1886 motet composed by Anton Bruckner

Ave Regina caelorum (Hail, Queen of Heaven), WAB 8, is a motet composed by Anton Bruckner in c. 1886 .

== History ==
The motet was composed in c. 1886 on request of Ferdinand Schölzig, Master of novices at the Klosterneuburg Abbey. The Marian antiphon was performed first on 25 March 1886 (Feast of the Annunciation).

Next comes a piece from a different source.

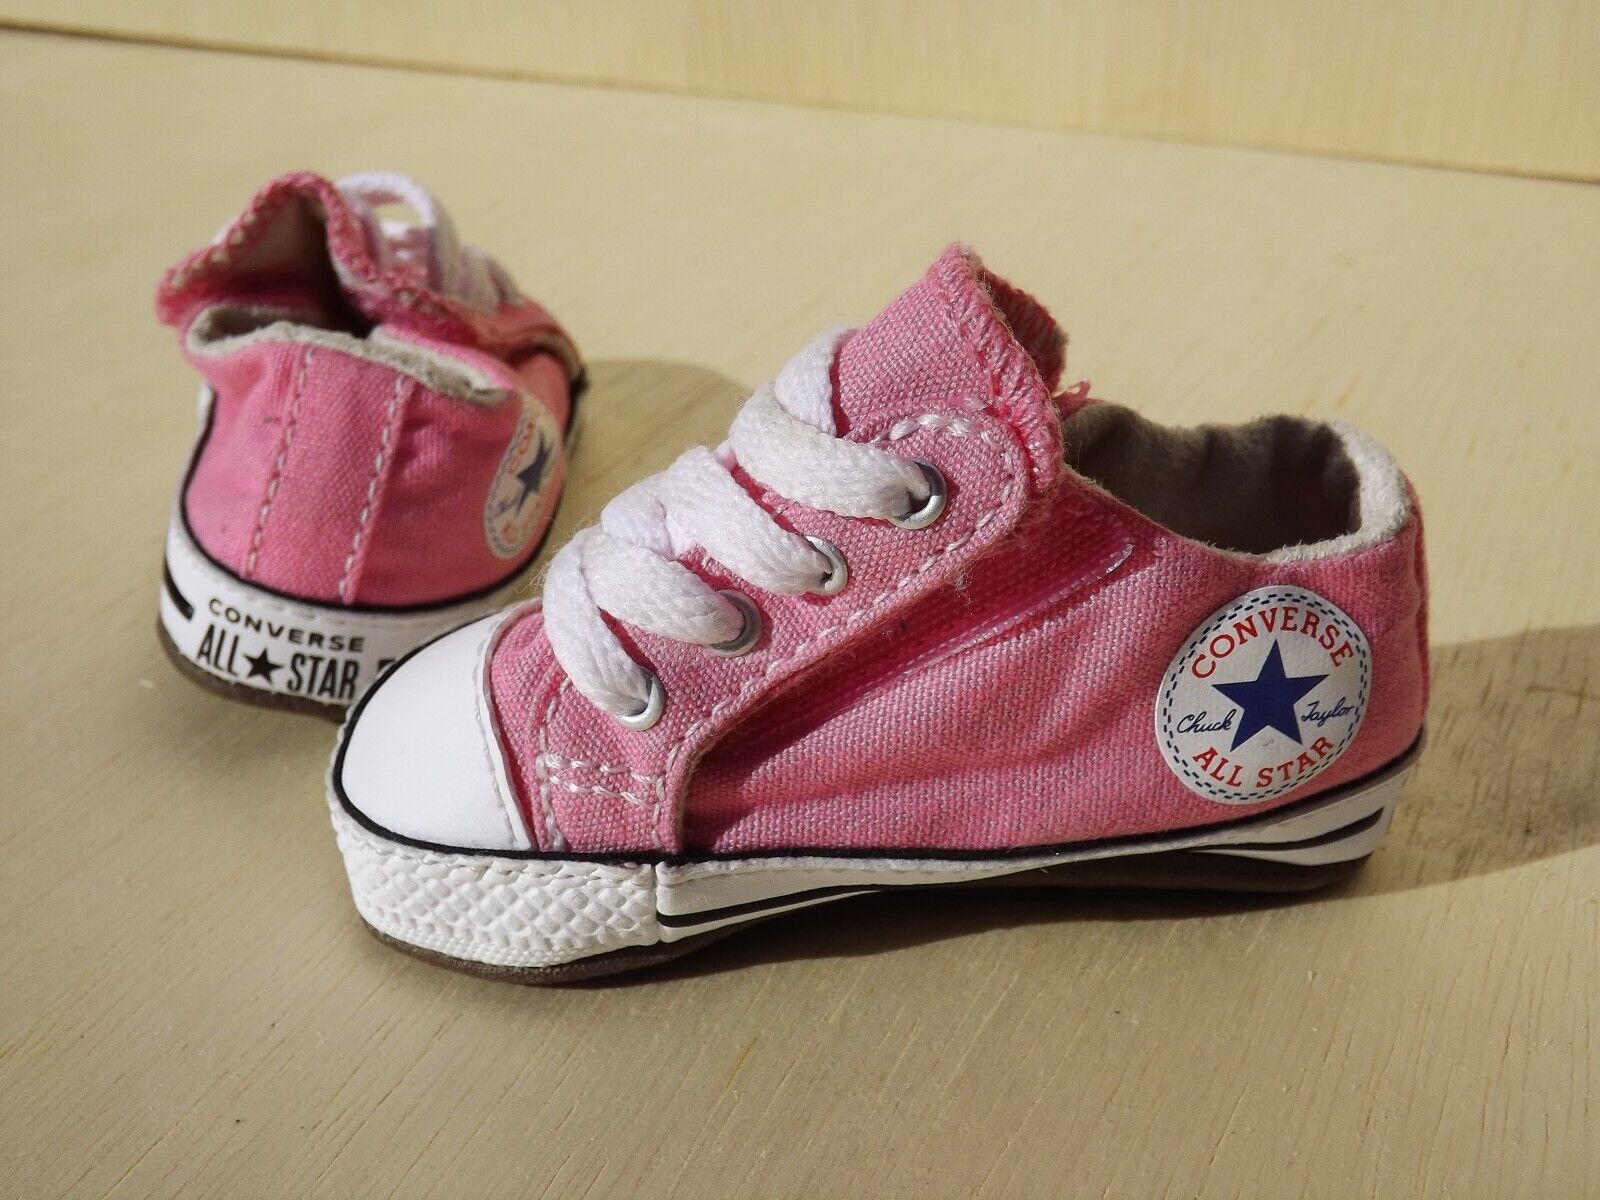 Converse Chuck Taylor Crib Shoes Size 1C Pink/White Baby Girl | eBay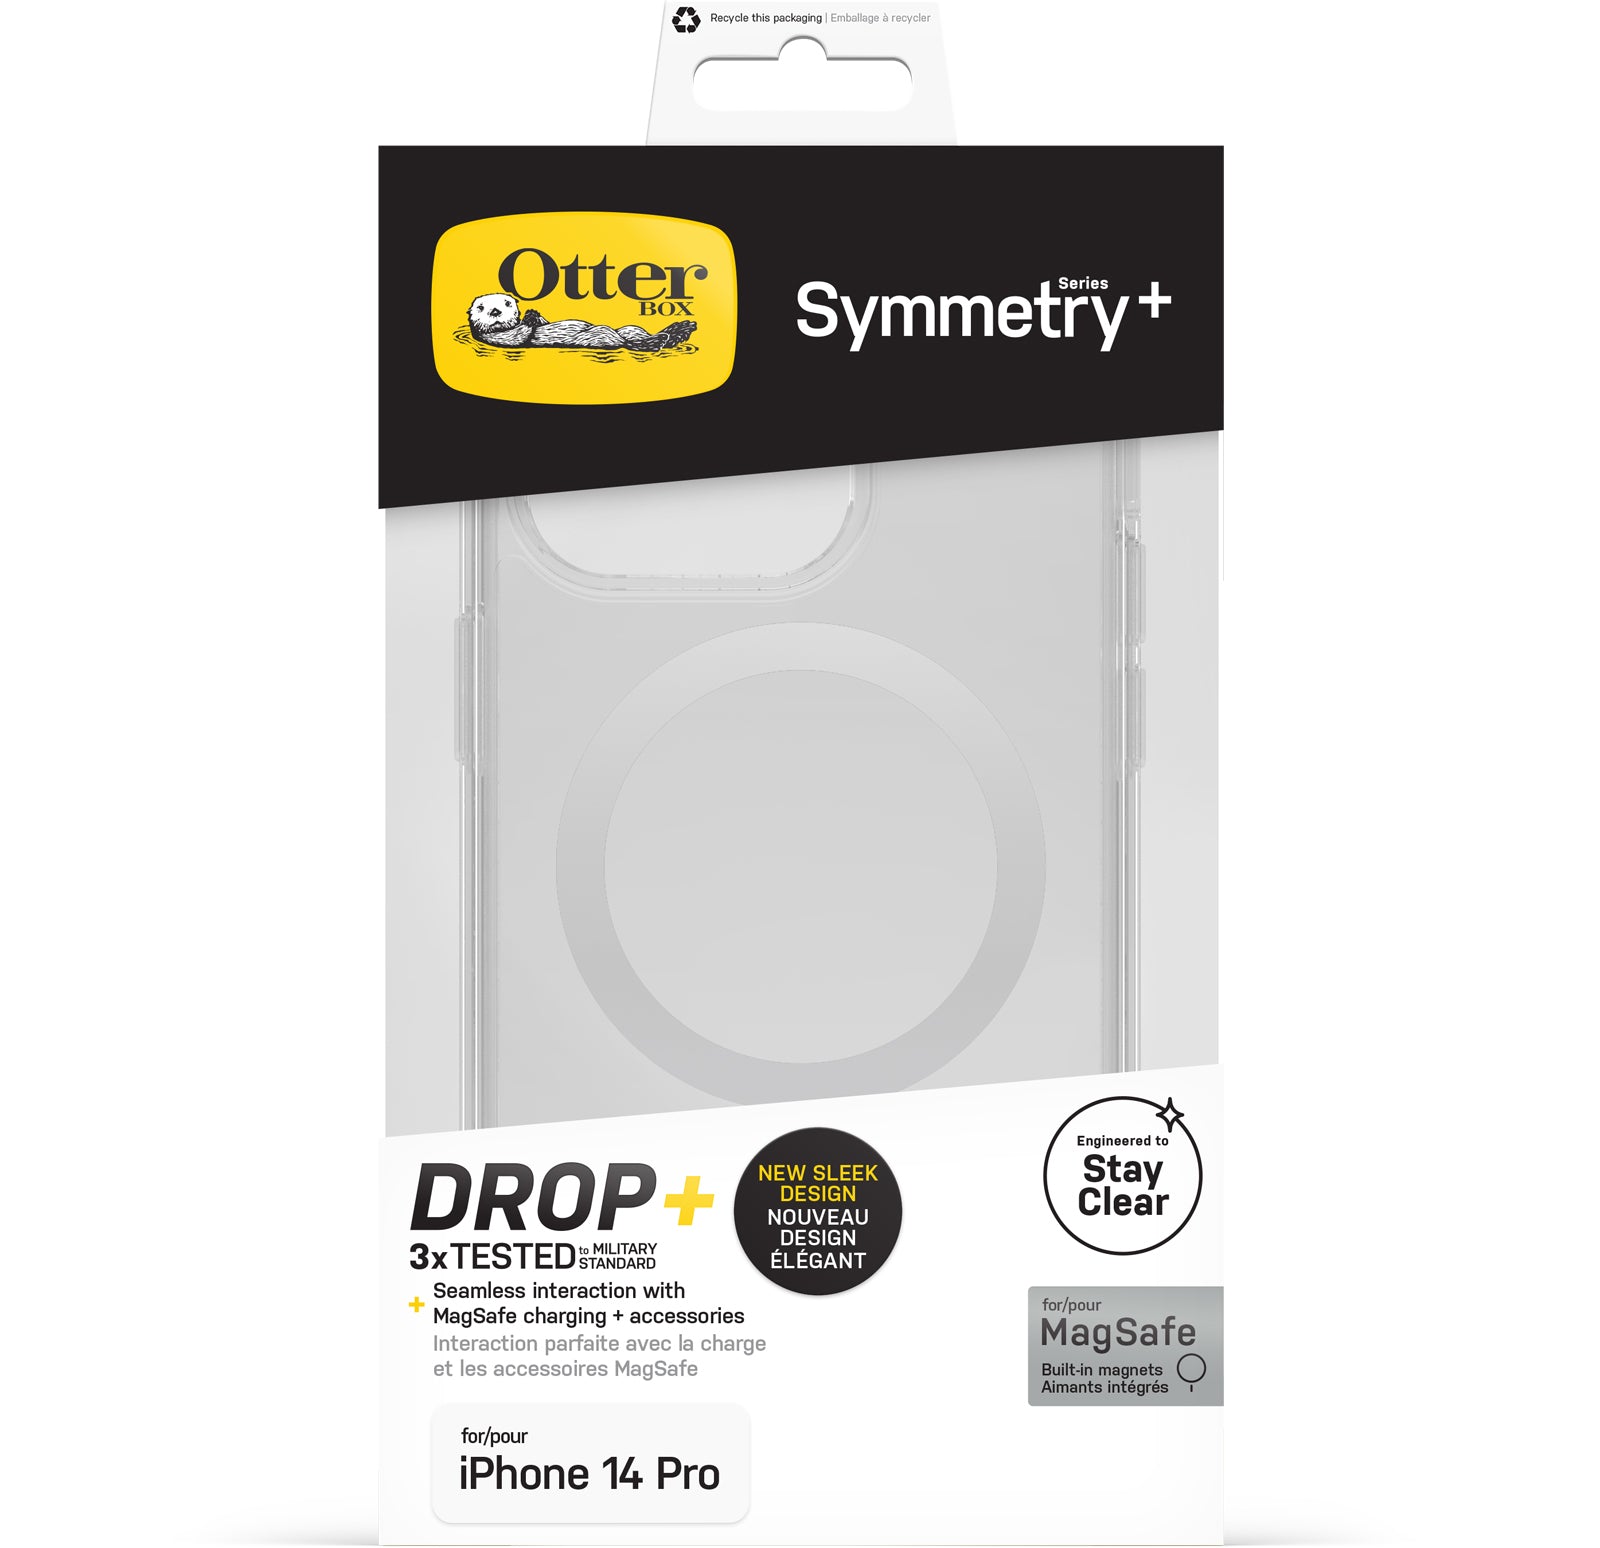 OtterBox Symmetry+ Clear Case for iPhone 14 Pro for MagSafe, Shockproof, Drop proof, Protective Thin Case, 3x Tested to Military Standard, Antimicrobial Protection, Clear

Bruckner's manuscript is stored in the Österreichische Nationalbibliothek. The motet was first published in 1910 in the third yearbook of the Klosterneuburg Abbey. It has been re-edited by Wöss in 1921 together with the Zur Vermählungsfeier, WAB 54. It is put in Band XXI/36 of the Gesamtausgabe.

== Music ==
The Bruckner's compostition is a not a mere harmonisation of a Gregorian antiphon, but rather a choral paraphrase of the Ave Regina caelorum for voice(s) and organ or, according to Leopold Nowak, an original composition by Bruckner in Gregorian style.

== Discography ==
Until 2019 none of the about ten recordings faithfully follows Bruckner's original score. According to Hans Roelofs, only two of the recordings follow it more or less:
- Robert Shewan, Roberts Wesleyan College Chorale, Choral Works of Anton Bruckner – CD: Albany TROY 063, 1991
- Franz Farnberger, St. Florianer Sängerknaben, Anton Bruckner in St. Florian – Requiem & Motetten CD: Studio SM D2639 SM 44, 1997
More recently these two recording according to the original score were issued:
- Ricardo Luna, Wiener Madrigalchor at 53:10 of the Benefizkonzert für den Wiener Stephansdom, 6 October 2007
- Kevin M. Clarke, Chorus Regi Cantorum, Houston, on Bruckner - Bicentennial Houston CD (St John Vianney Roman Catholic Church, Houston, 11 October 2024) – CD BSA-007

== Sources ==

- Anton Bruckner – Sämtliche Werke, Band XXI: Kleine Kirchenmusikwerke, Musikwissenschaftlicher Verlag der Internationalen Bruckner-Gesellschaft, Hans Bauernfeind and Leopold Nowak (Editor), Vienna, 1984/2001
- Cornelis van Zwol, Anton Bruckner 1824–1896 – Leven en werken, uitg. Thoth, Bussum, Netherlands, 2012. ISBN 978-90-6868-590-9
- Uwe Harten, Anton Bruckner. Ein Handbuch. Residenz Verlag, Salzburg, 1996. ISBN 3-7017-1030-9.